When Joe was about halfway across the store, his boss turned and stopped him with an upraised hand. "Hold on there, Porky. You’re late again." Sam then burst into laughter and pointed at Joe’s pants. "Well lookee here! Your Volkswagen’s rolled out of the garage."

Joe peered downward and saw nothing but belly. However, there was definitely a breeze blowing in where it shouldn’t be. His zipper was wide open. He groaned inwardly. Yes, he’d been in a hurry to get to work, but how could he have forgotten to put on his briefs? Then it occurred to him that if Sam could see Joe’s privates, Loretta could, too. Every drop of blood in Joe’s body rushed up into his face. To her credit, Loretta looked away, as if she developed a sudden interest in the cigarette display behind her. Joe clapped both of his hands over the front of his pants, stifled a sob and hurried off to the men’s restroom. He wasn't about to let Loretta see him cry. She'd seen more than enough already.

After reading about Joe the gas station attendant, you should now be able to picture what he looks like, how he thinks, what he does, how he might react in a given situation and more. In addition to his most prominent trait (his weight issues) Joe is:

1. Balding
2. Chronically late and forgetful
3. So used to criticism that he doesn't react to being called "Porky"
4. Bashful/shy, maybe even a little creepy
5. Attracted, as is his boss, to the cashier, Loretta.

With this information presented in such a manner, a reader should get a good view of Joe as a person with feelings. Again, the key is to touch on these aspects as the story progresses, allowing the character to evolve.
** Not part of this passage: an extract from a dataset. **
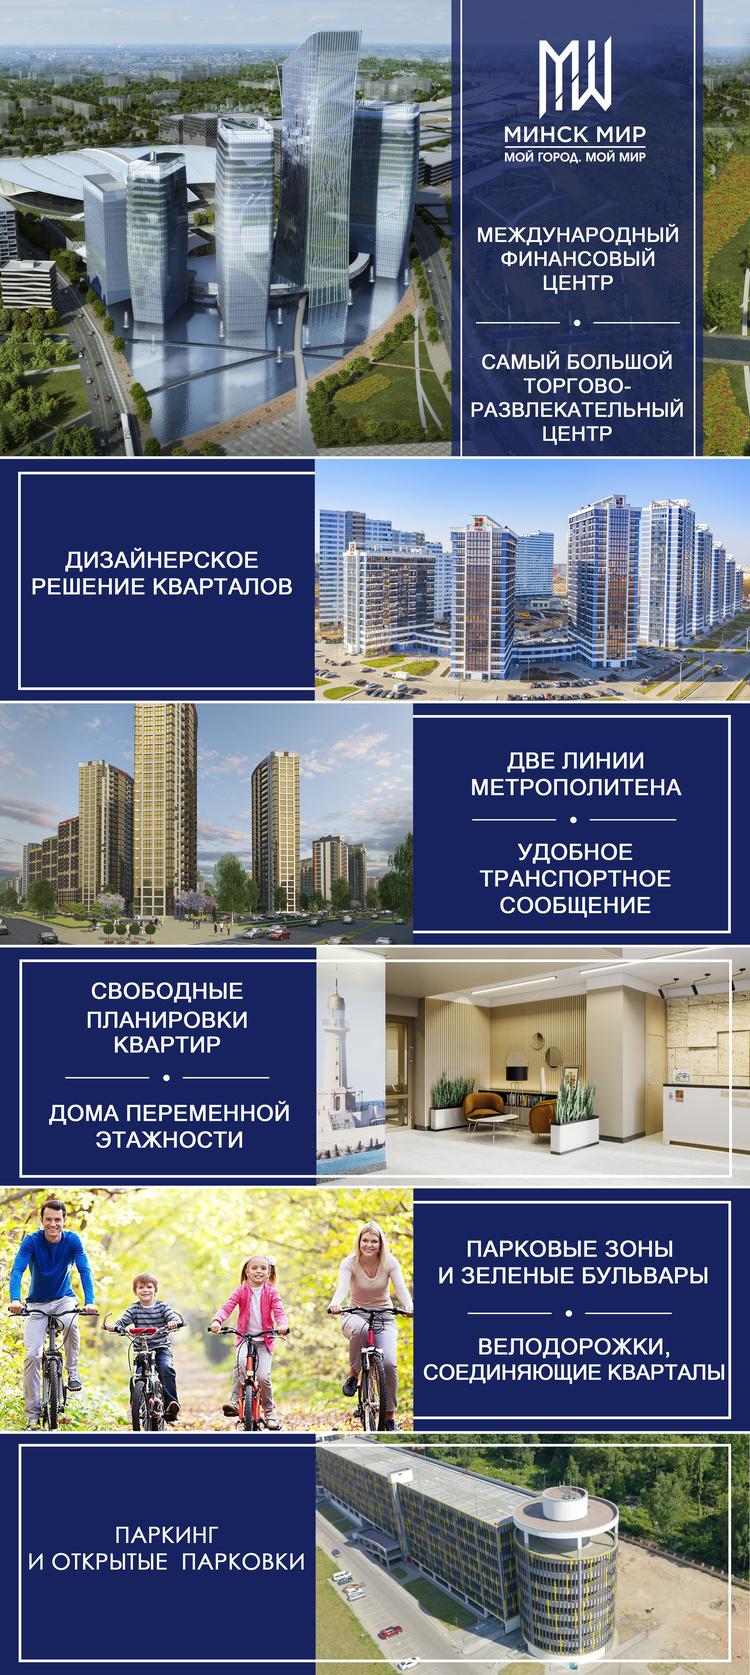 «Ницца»: невероятный спрос! В столичном комплексе «Минск Мир» стартовали горячие продажи квартир в новом доме!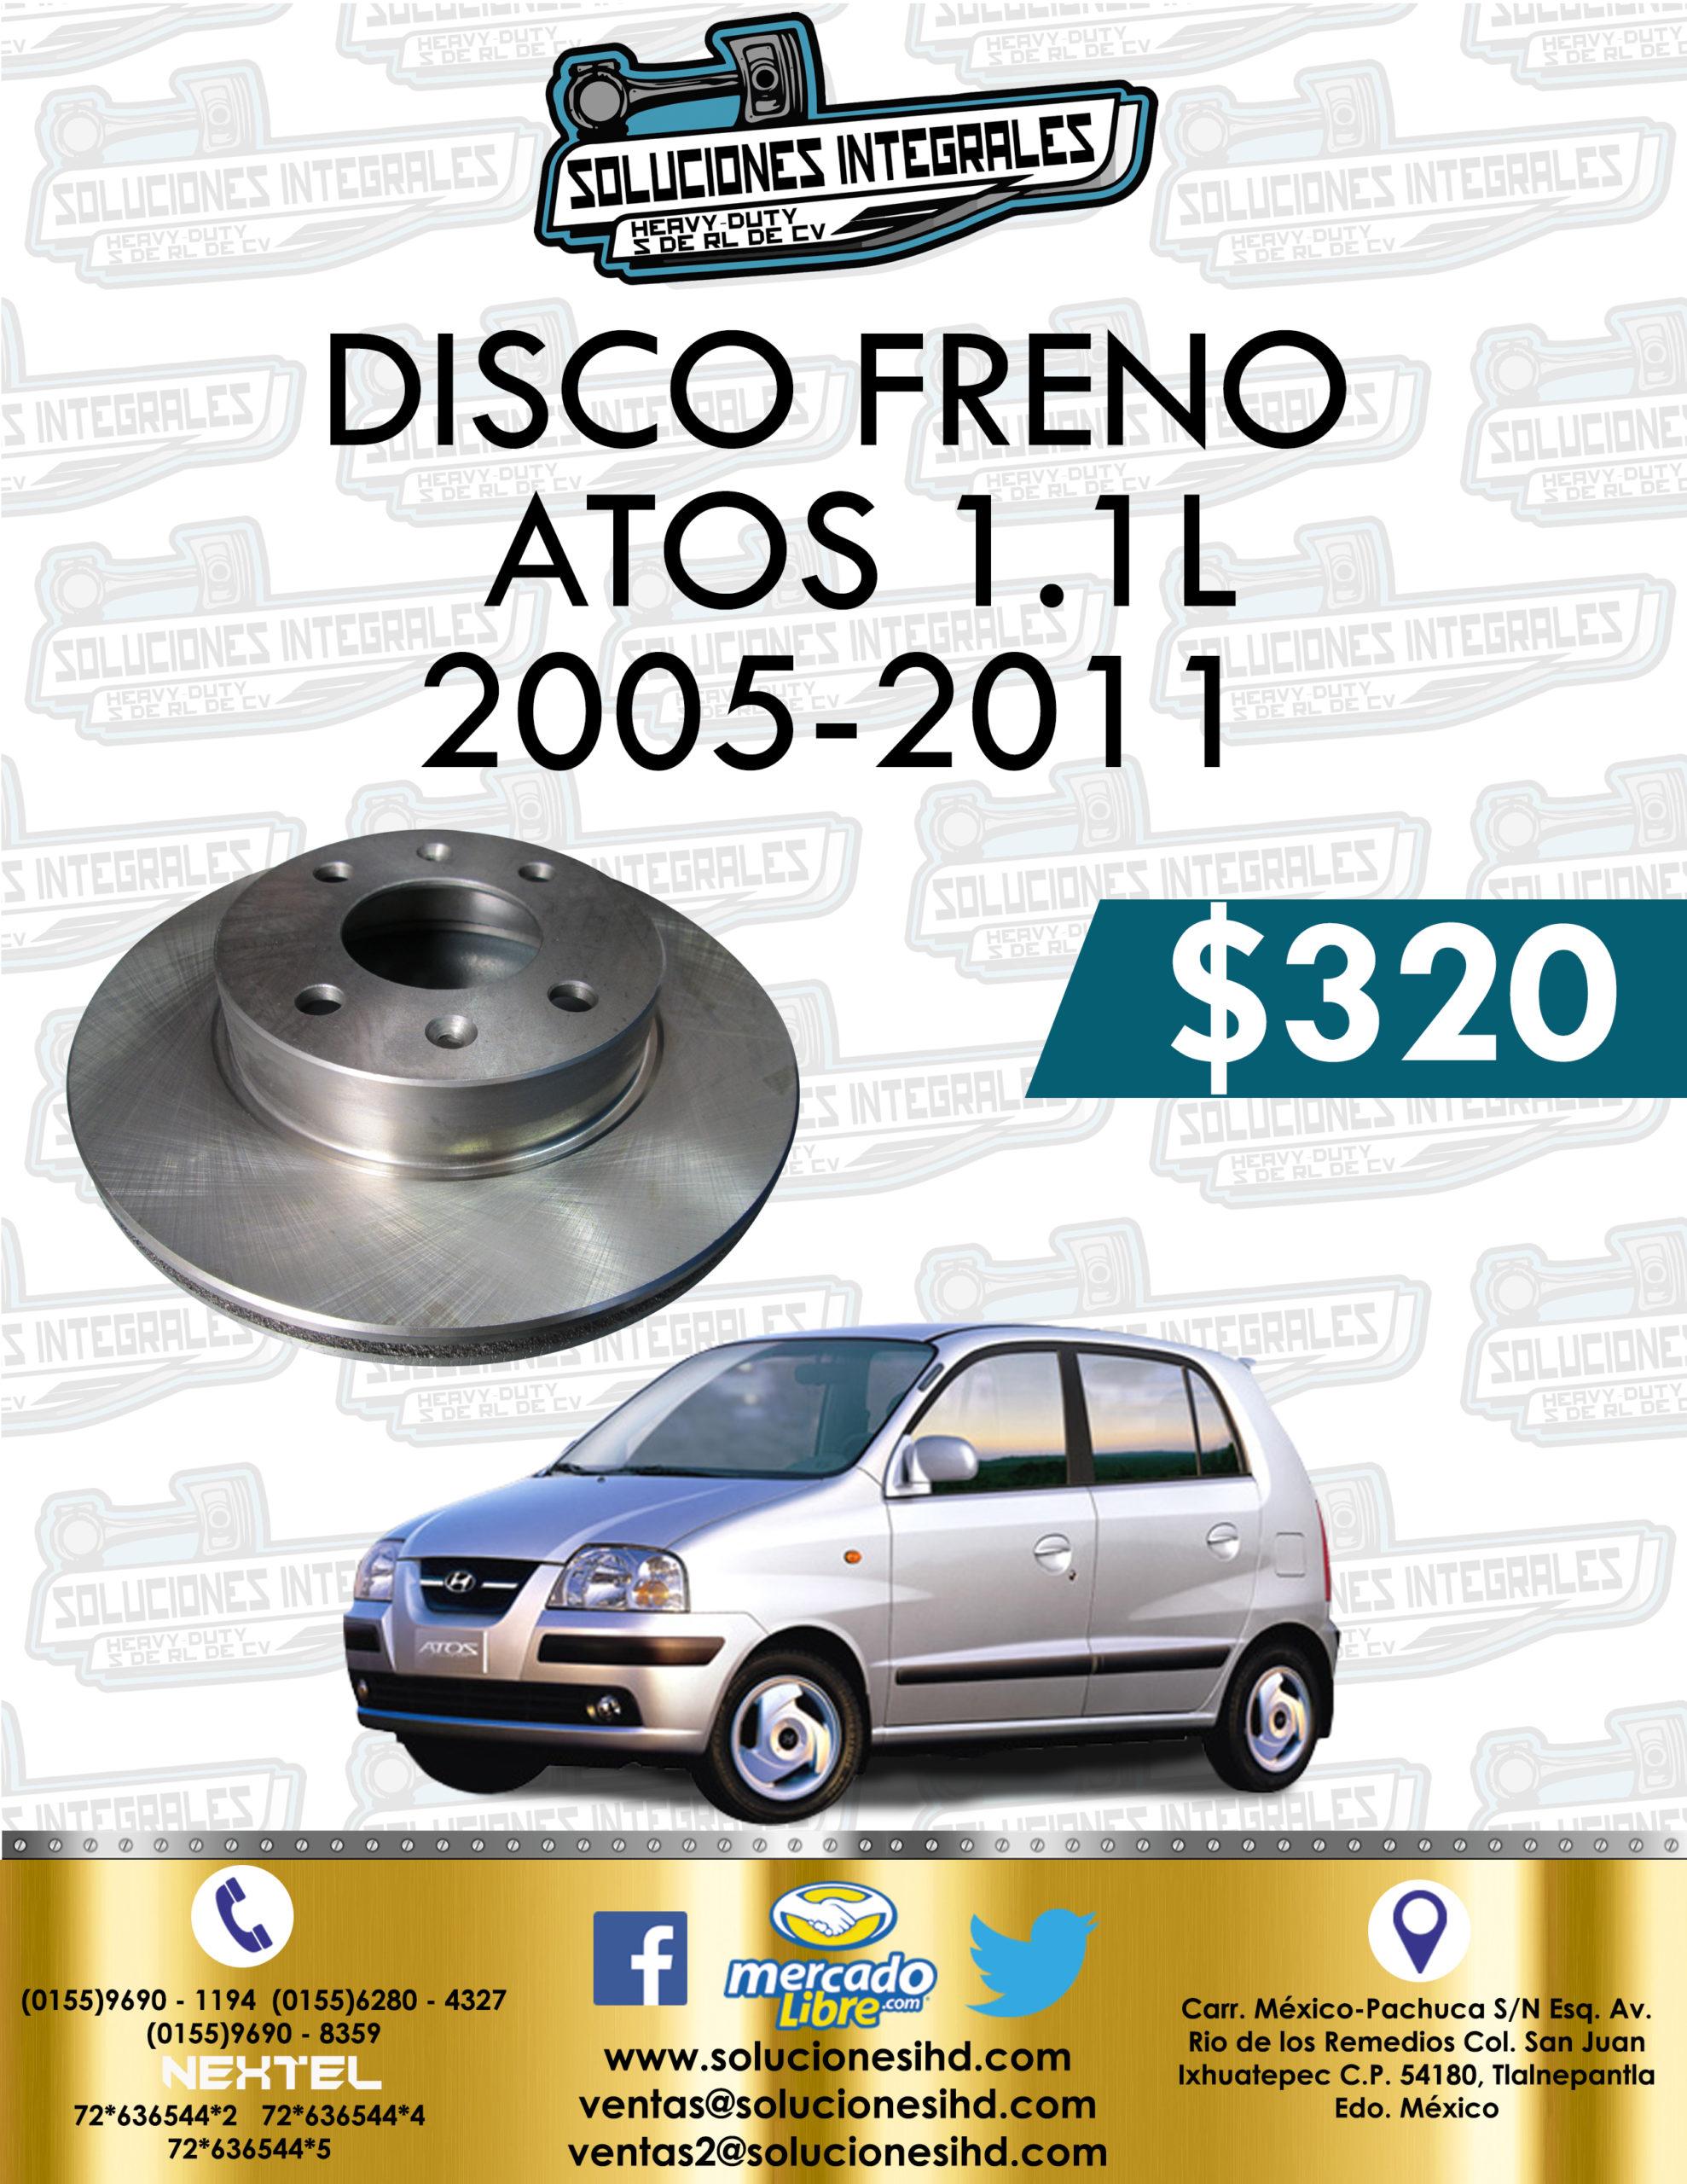 DISCO FRENO ATOS 1.1L 2005-2011

The easiest way to enable reader empathy is to place a character in an uncomfortable situation that immediately reveals their most prominent personality traits. In the set of paragraphs above, Joe is made very uncomfortable and as a reader you can now judge him by how he handles the situation. Whether the initial impression of Joe is good or bad doesn't matter, it's the possibility of fundamental change that interests the reader. Joe may be a cowardly, unattractive, and creepy man, but if he's shown to have emotions and goals, he has the potential to become something better.

Too Many Puppets on a Stage

All stories are essentially "played out" before a reader and all the characters are "actors" with specific parts to deliver. Your secondary characters have wants, needs and goals, too; just make sure they tie in with the main plot and do not steal the spotlight from your main characters. Give each one something to do and a reason for being in the story. After all, if you were putting on a puppet show, you wouldn't want to have extra puppets hanging around with nothing to say or do, would you? When it comes to secondary and tertiary characters, a good rule to remember is this: if you're not going to use them, lose them.

Finally, try to keep your characters balanced. If "Joe" is incredibly good or extremely bad, he will come off as unrealistic. Even if there is no fundamental change for the main characters in your story, the potential for it must remain in play. When a character has opportunities for change, this appeals to readers because it reinforces their unconscious hope that their lives can transform too. Adding just the right amount of detail in the right places will not only humanize your characters, but will make them memorable – much like Collodi’s Pinocchio, the ultimate "wooden" character.